Nas fronteiras portuguesas com futuro serviço de passageiros de alta velocidade a disrupção de bitolas não vai existir para já nas ligações a Badajoz e Madrid e a Vigo, mas se mais tarde tal vier a ocorrer implicará, numa primeira fase, a utilização de comboios com bogies de bitola variável 1435/1668 mm (de fabrico espanhol).
Noutra perspectiva, o serviço de passageiros de alta velocidade do nosso país terá um âmbito de prolongamento essencialmente ibérico, pois além-Pirenéus impõe-se naturalmente o transporte aéreo, dada a nossa localização geográfica.
Continuidade do tráfego de mercadorias
Apesar das diferentes bitolas na fronteira dos Pirenéus, a continuidade da carga entre Espanha e França nunca foi nem é um problema, nem no custo nem no tempo de transbordo, segundo os técnicos ferroviários e os operadores de mercadorias.
Mas acresce que Espanha é também a origem/destino de cerca de 70% da carga que atravessa a fronteira por via terrestre, nos modos rodoviário e ferroviário.
Segundo o INE ETC [Estatísticas de Transportes e Comunicações] 2023, o transporte transfronteiriço de mercadorias por modo ferroviário representa, relativamente ao transportado por via terrestre (rodoviário+ferroviário), cerca de 4,5% nas importações, e é da ordem de 1,5 % nas exportações. As exportações por modo ferroviário têm vindo a diminuir, -11,2% e -18,2% em 2022 e 2023, respectivamente.
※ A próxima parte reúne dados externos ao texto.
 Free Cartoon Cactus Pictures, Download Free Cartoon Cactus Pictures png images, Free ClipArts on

Estes dados permitem constatar que o transporte ibérico ferroviário de mercadorias tem imenso por onde crescer e não é de todo a bitola que representa qualquer problema, é antes uma imensa vantagem.
Contra a liberalização. Unidade e industrialização do sistema ferroviário
Coloquemos então o foco dos problemas do sistema ferroviário do nosso país no que é de facto relevante: combater a fragmentação e a desindustrialização como as directrizes fundamentais da liberalização.
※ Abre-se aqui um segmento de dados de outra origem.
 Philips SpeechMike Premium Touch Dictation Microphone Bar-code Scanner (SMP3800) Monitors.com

A fragmentação, de que se destaca a separação entre gestão da infraestrutura e operação ferroviária, mas não só, permite destinar a operação das linhas mais rentáveis a operadores privados dos grandes grupos económicos.
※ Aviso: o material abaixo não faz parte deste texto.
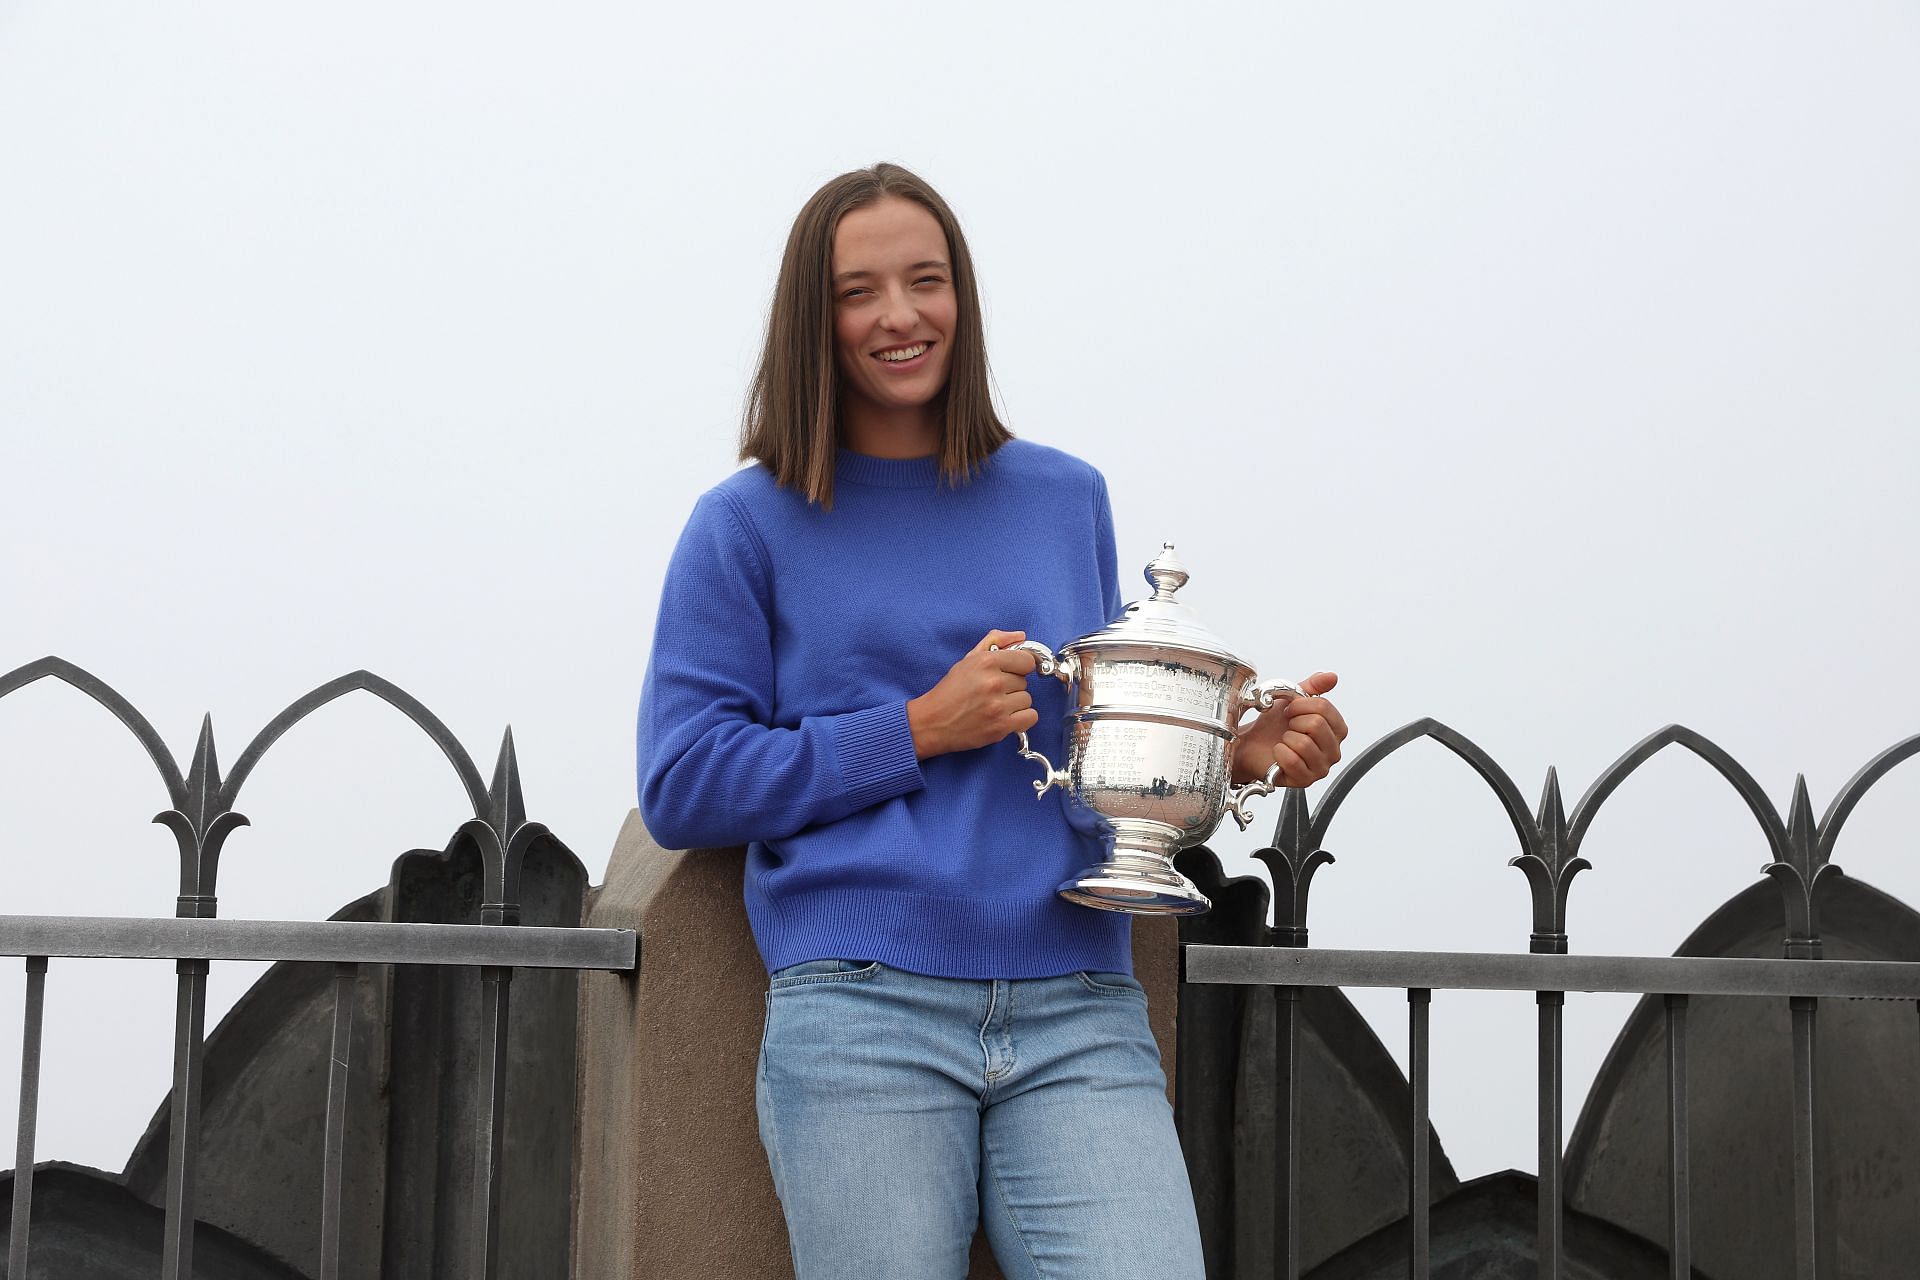 Iga Swiatek poses with US Open 2022 trophy. Photo by Julian Finney/Getty Images

«a fragmentação é o meio de a liberalização destinar a carne do lombo, a operação das linhas mais rentáveis, ao capital privado. Do lado do Estado fica o que não lhes interessa, a operação nas linhas menos solventes e a onerosa construção e manutenção das infraestruturas»
Ou seja, a fragmentação é o meio de a liberalização destinar a carne do lombo, a operação das linhas mais rentáveis, ao capital privado. Do lado do Estado fica o que não lhes interessa, a operação nas linhas menos solventes e a onerosa construção e manutenção das infraestruturas.
Este crime tem desde logo como consequência desviar do país as receitas das linhas mais rentáveis, e impedir a CP de as operar e receber essas verbas necessárias para compensar a operação nas linhas menos solventes no interior e assim contribuir para a coesão territorial.
A dimensão do país, as exigências de mobilidade e a resposta com mais material circulante, impõem uma estrutura ferroviária com escala e decisões soberanas no sentido da reversão da liberalização.
Na construção das linhas e na sua electrificação, a liberalização está alinhada com a condição desindustrializada do país que agora importa praticamente todos os materiais excepto a pedra e o betão!
O país precisa de se reindustrializar e de apostar no sector ferroviário reunificado na CP, desde logo com toda a centralidade na operação de alta velocidade, em linha com os sistemas integrados e de operação pública nos países com sistemas ferroviários mais desenvolvidos.
- 1. N. da R.: Material ferroviário constituído por um «conjunto de rodas, sapatas de freio, rolamentos, molas, eixos, mancais, cilindros de freio, barras estabilizadoras, entre outras coisas». Fonte: Wikipédia.